Nakariakovs Diskographie bei Teldec Classics International (Warner) wurde von der Öffentlichkeit und den Kritikern gleichermaßen begeistert aufgenommen. Sie umfasst die berühmtesten Stücke des Originalrepertoires für Trompete sowie zahlreiche Arrangements für Trompete und Flügelhorn. Unter dem von ihm selbst gegründeten Label „Luiza“ Records erschien bereits die Doppel-CD „Methamorphosis“ mit Kammermusik und Orchesterwerken von Widmann, Schumann, Fauré. Dieses Jahr erscheint eine neue Aufnahme mit Werken von Beethoven & Mozart in der Bearbeitung für Flügelhorn.
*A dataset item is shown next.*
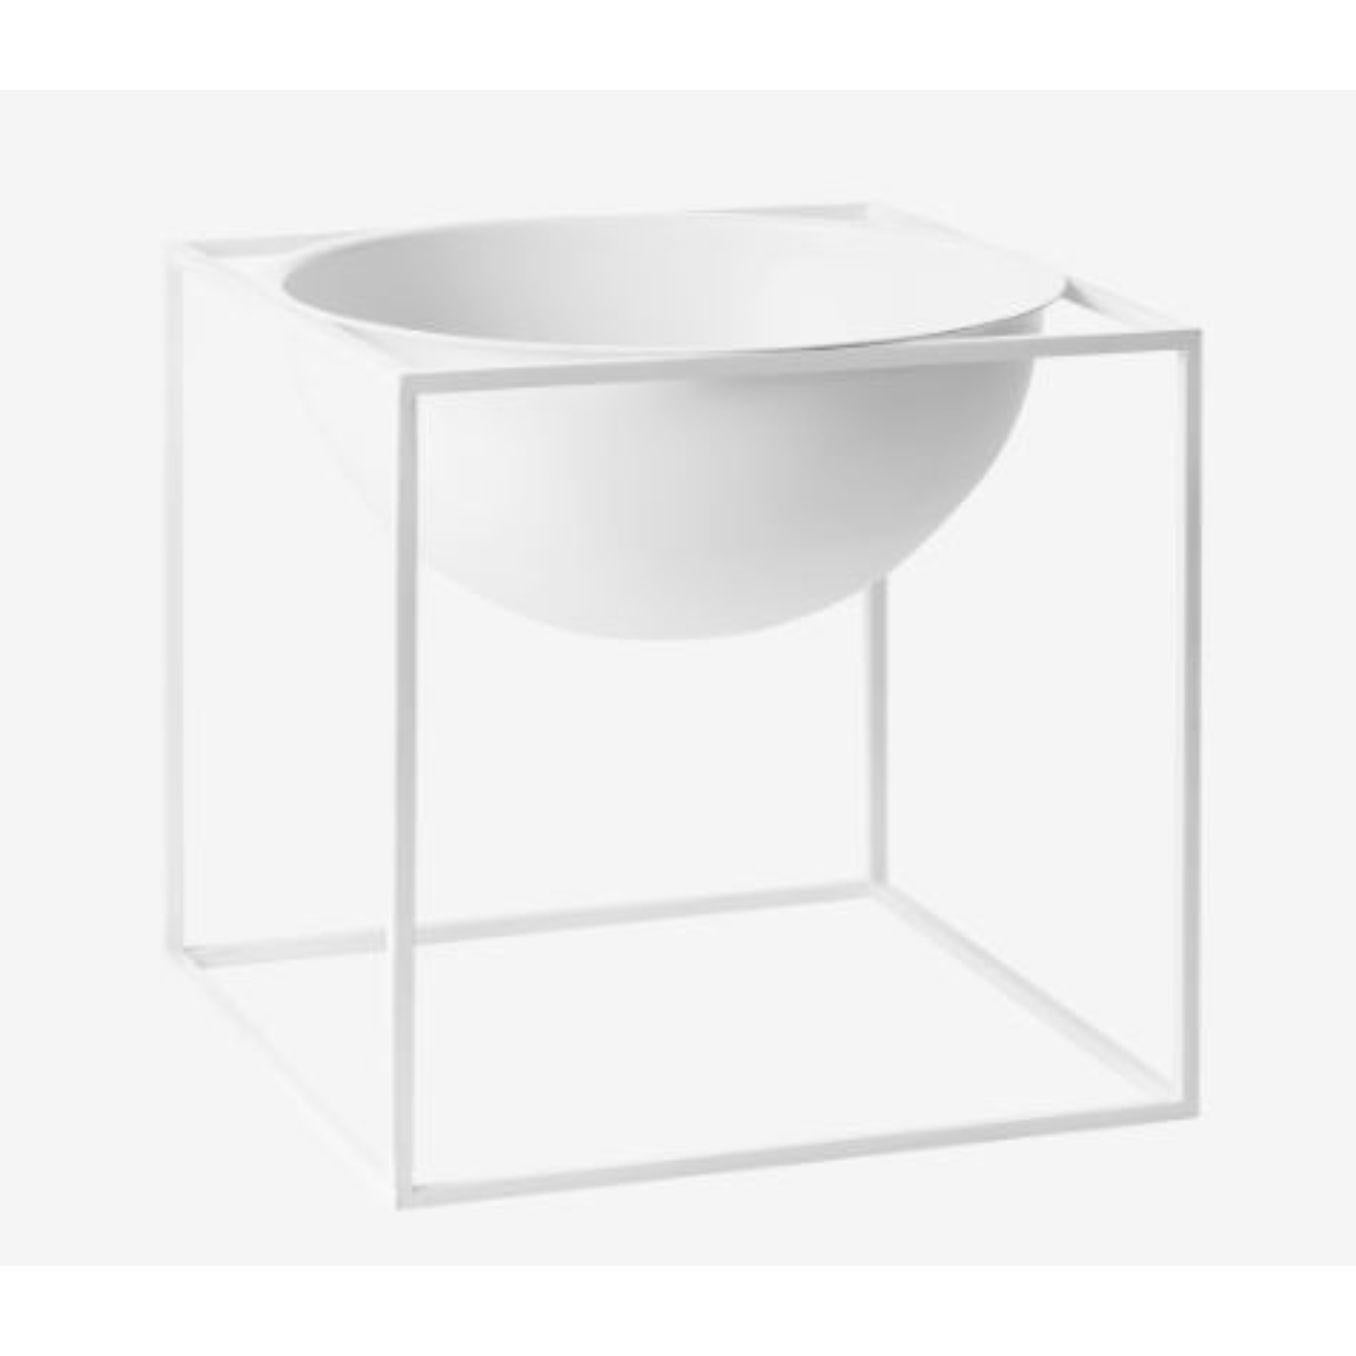 Grand bol Kubus blanc de Lassen
Dimensions : D 23 x L 23 x H 23 cm 
Matériaux : Métal 
Poids : 3 kg

Le Kubus Bowl est basé sur des croquis originaux de Mogens Lassen, et contient des éléments du Bauhaus, dont Mogens Lassen s'est inspiré. Le Kubus

Man kann gespannt sein.

Der in Gorky geborene Sergei Nakariakov begann mit sechs Jahren Klavier zu spielen, wechselte dann zur Trompete, eine Entscheidung, bei der er von seinem Vater, Mikhail Nakariakov, unterstützt wurde. Dieser hat viele klassische Konzerte für Trompete transkribiert und ein einzigartiges Repertoire geschaffen. Er gab ihm sein technisches Wissen und half ihm sein außergewöhnliches Gespür für die Musik weiterzuentwickeln.